Nur wenige Crews haben die Erlaubnis dort die Riesenzackenbarsche (Potato-Cods) zu füttern. Diese 400 kg schweren Tiere warten schon auf uns und beißen ungeduldig in jede Hand, die Futter für sie haben könnte. Deshalb hieß es "Finger weg und ruhig sitzen". Der Divemaster selber führte die Fütterung mit Eisenhandschuhen durch. Aber auch nach der Fütterung war der Divespot toll.

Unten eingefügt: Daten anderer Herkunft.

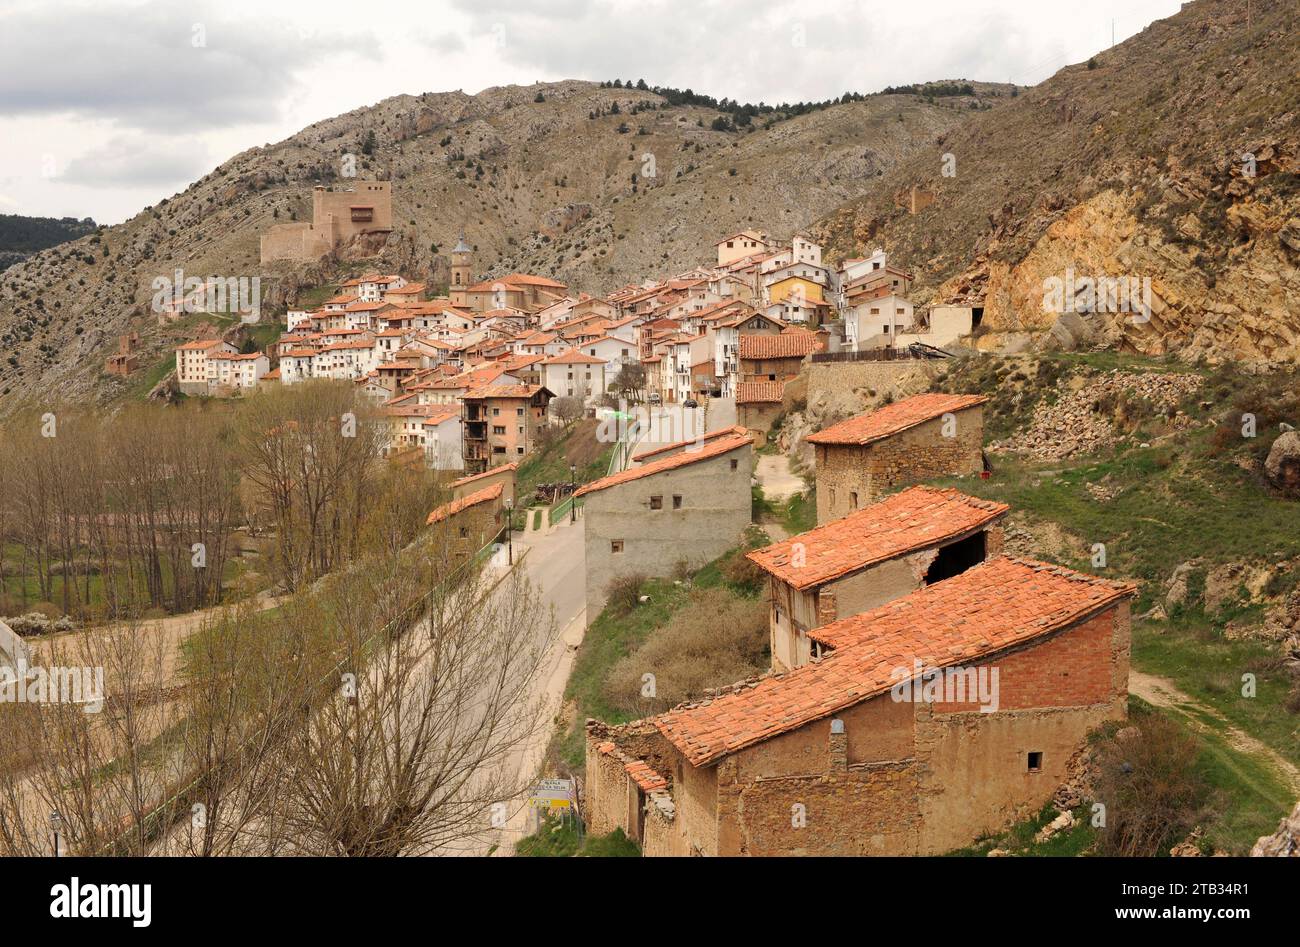 Alcala de la Selva, Gudar-Javalambre region. Teruel province, Aragon, Spain. Stock Photo

In den folgenden drei Tauchtagen erlebte ich elf Tauchgänge, davon zwei bei Nacht. Für alle Tauchgänge standen ausreichend Guides bereit, wenn man Begleitung wollte. Kurse für Riffbiologie und Fotografie wurden ebenso erteilt. Vor jedem Tauchgang gab es ein exzellentes Briefing. Interessante Spots wurden vom Master auf die Karte gezeichnet oder direkt unter Wasser mit Leuchtmitteln markiert (z.B. ein Steinfisch in der Höhle). Bemerkenswert war auch, dass der Master alle Spots nicht nur kannte, sondern auch die Besonderheiten treffsicher beschrieb, so dass auch Anfänger sie leicht fanden. So konnten wir neben Steinfischen auch Feuerfische bei der Jagd beobachten.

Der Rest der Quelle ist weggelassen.